Infrastructure specifications
Infrastructure specifications define what a component needs in order to run in production. They describe requirements such as compute, data stores, secrets management, and other runtime dependencies. These specifications are declarative and scoped to the component. They do not describe how infrastructure is provisioned or managed. Like other specifications in plain, infrastructure requirements are explicit, validated, and versioned alongside application intent.
Every component in plain includes an infrastructure specification written in yaml. The structure is consistent across components and validated against a schema. This ensures that infrastructure requirements are explicit, reviewable, and versioned alongside the rest of the system’s specifications.
The focus of the infrastructure specification is on intent rather than implementation. A component declares that it requires a certain class of compute, access to a data store, or integration with a secrets manager. It does not specify cloud providers, resource identifiers, or provisioning steps. Those concerns are intentionally kept out of the component definition.
Infrastructure Specification
Provisioning and deployment are handled separately by the plain-infra-provisioning module. This module consumes infrastructure specifications and generates the deployment manifests required to create infrastructure and deploy services in a given environment. By separating declaration from provisioning, the same component can be deployed consistently across environments without changing the application or infrastructure specs.
The specifications above illustrate how infrastructure requirements are expressed clearly and concisely. Even at a glance, it is apparent what a component needs in order to run, without exposing environment-specific details. This keeps infrastructure intent centralized, portable, and aligned with the rest of plain’s specification-driven approach.
From Specification to Production
In plain, teams define generator configuration, data models, application specifications, and infrastructure requirements for the components they choose to use.
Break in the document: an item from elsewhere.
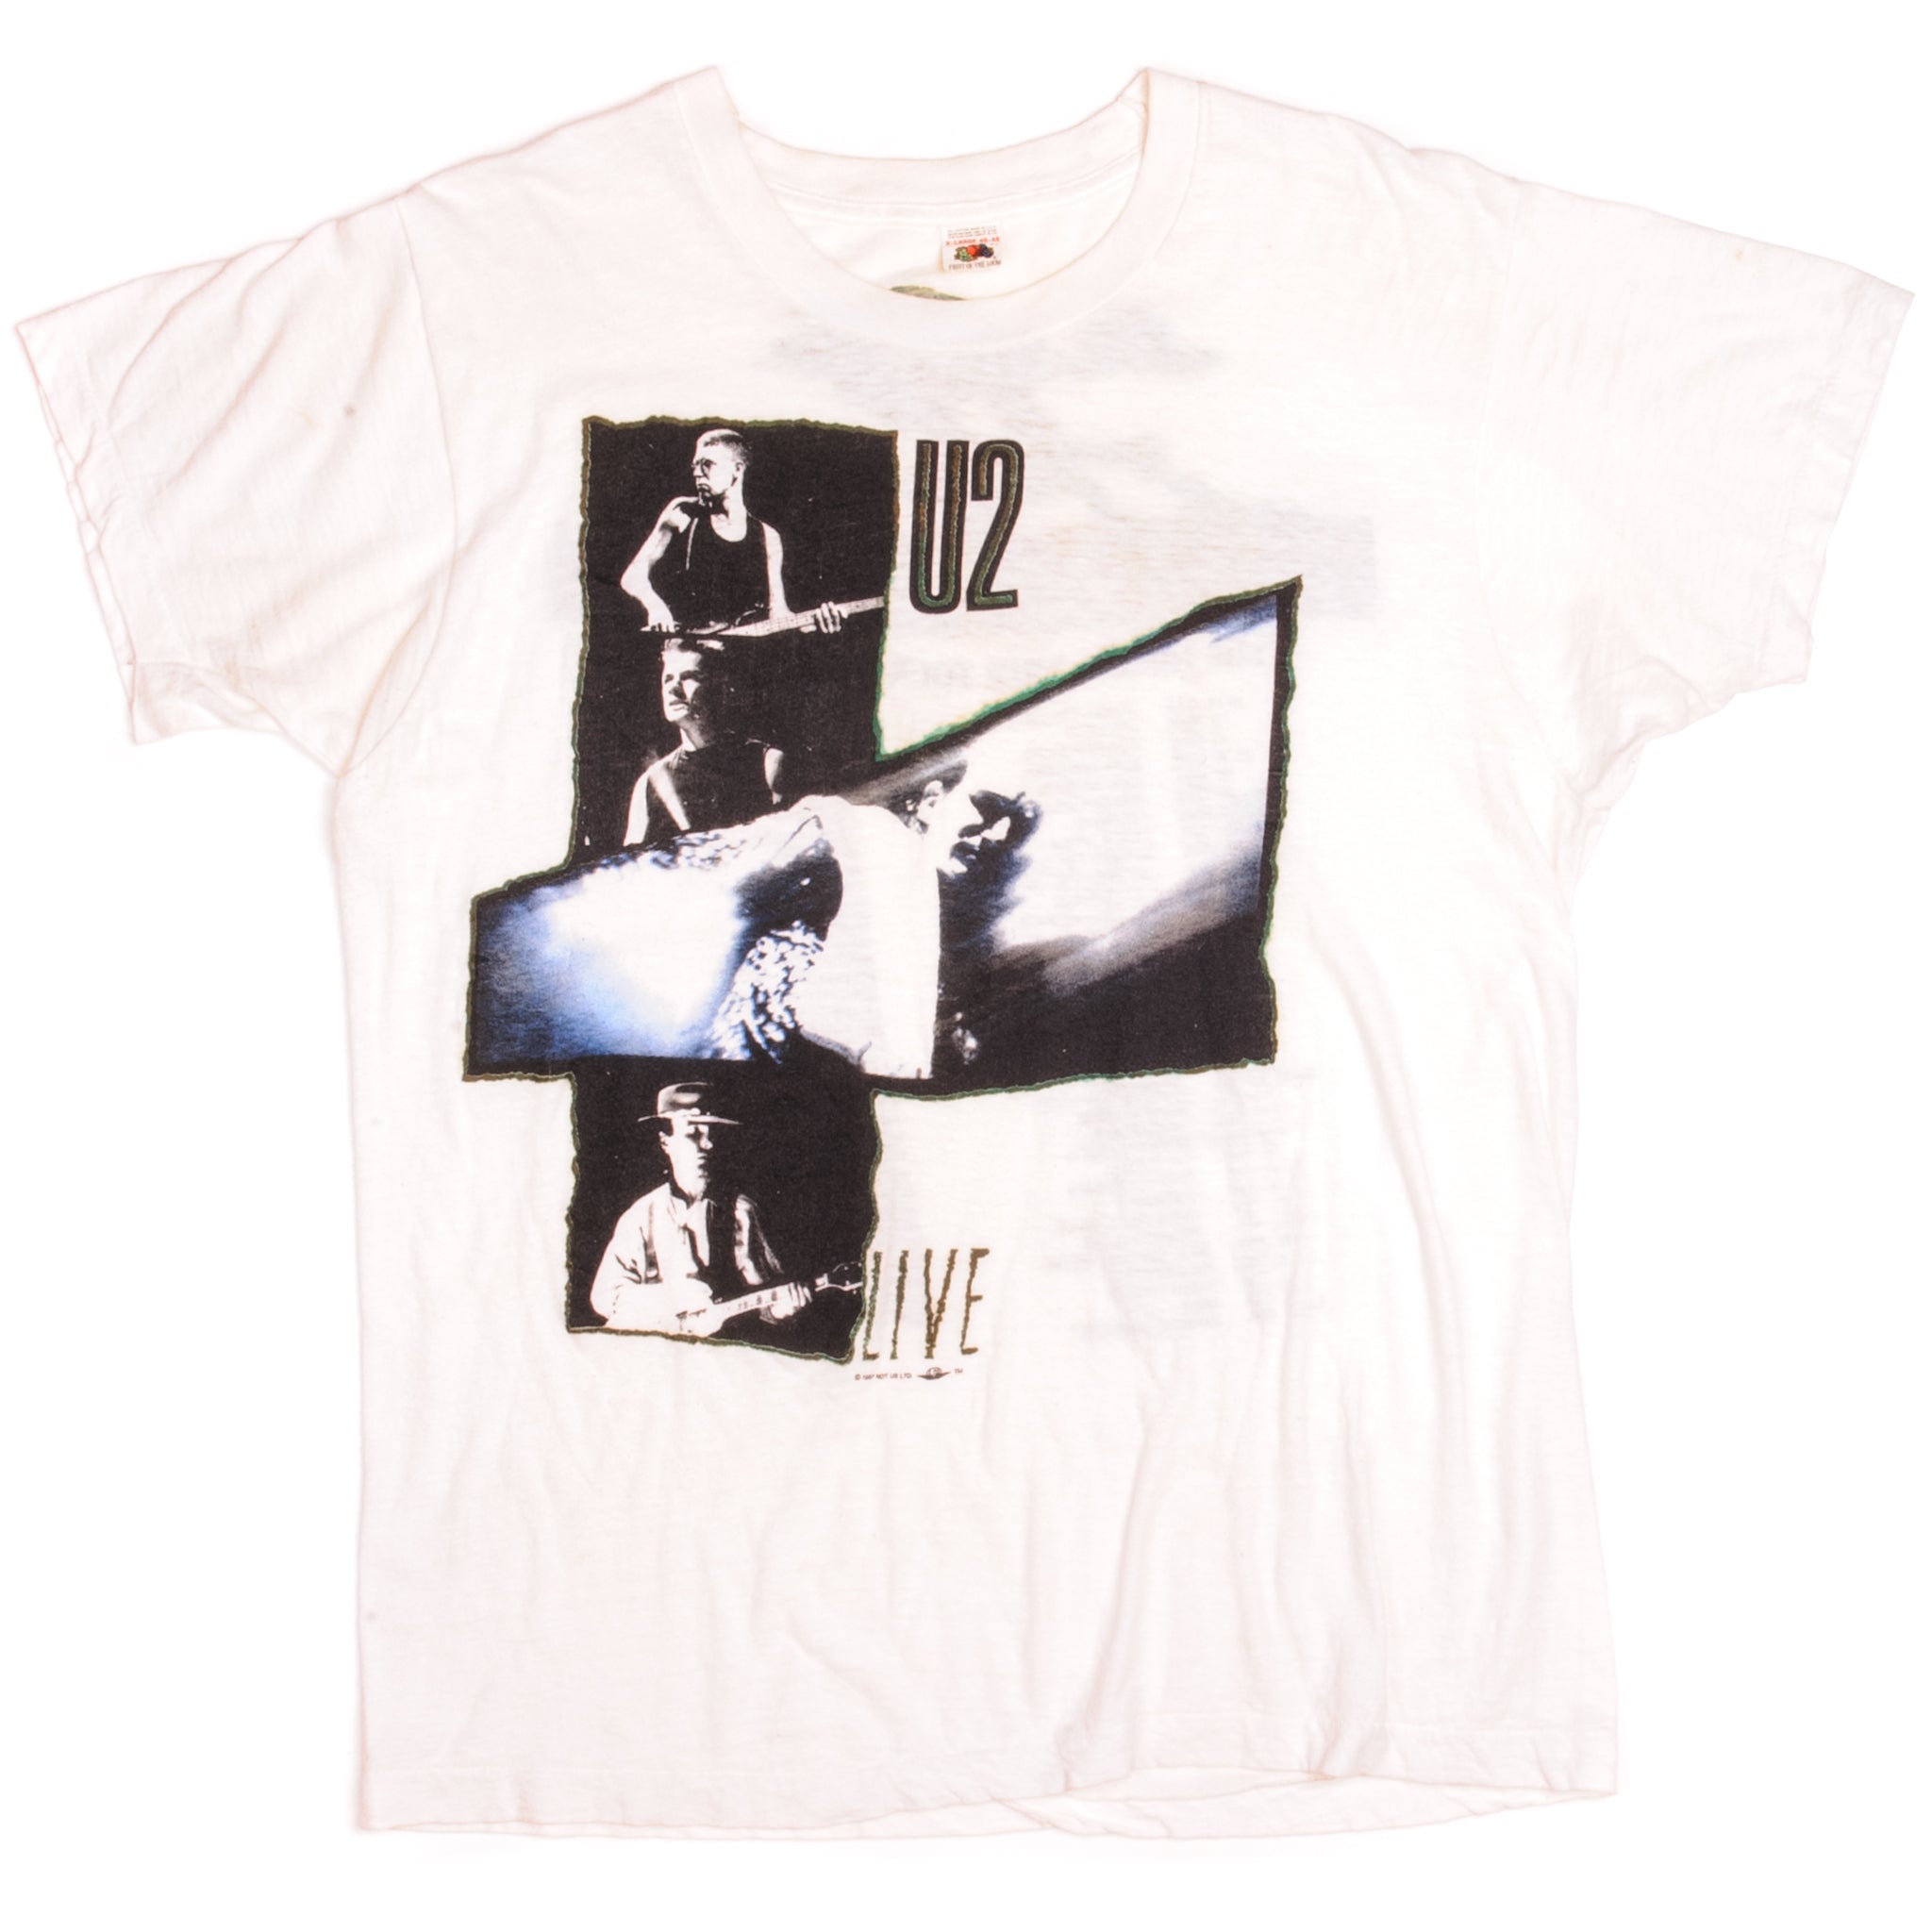 VINTAGE U2 LIVE TEE SHIRT 1987 SIZE LARGE MADE IN USA

These specifications are written once, validated, and committed as the source of truth for the system. They describe intent across generation, application behavior, and runtime requirements in a consistent and explicit way.
An orchestrator is responsible for coordinating the generation process. It invokes the relevant component generators in dependency order, producing complete, self-contained modules. The resulting services are ready to be deployed into any environment and on any cloud, without manual wiring or post-generation modification.
As requirements evolve, teams update the specifications rather than editing generated code. The system is regenerated from the updated inputs, ensuring that implementation remains aligned with intent. This makes change predictable and reversible, even as systems grow in complexity.
plain does not require teams to adopt the entire platform at once. Individual components can be used independently. For example, a team may choose to generate only an agent service using plain-ai-agents and integrate it into an existing frontend or workflow through a service endpoint. This allows teams to adopt plain incrementally while retaining control over their broader architecture.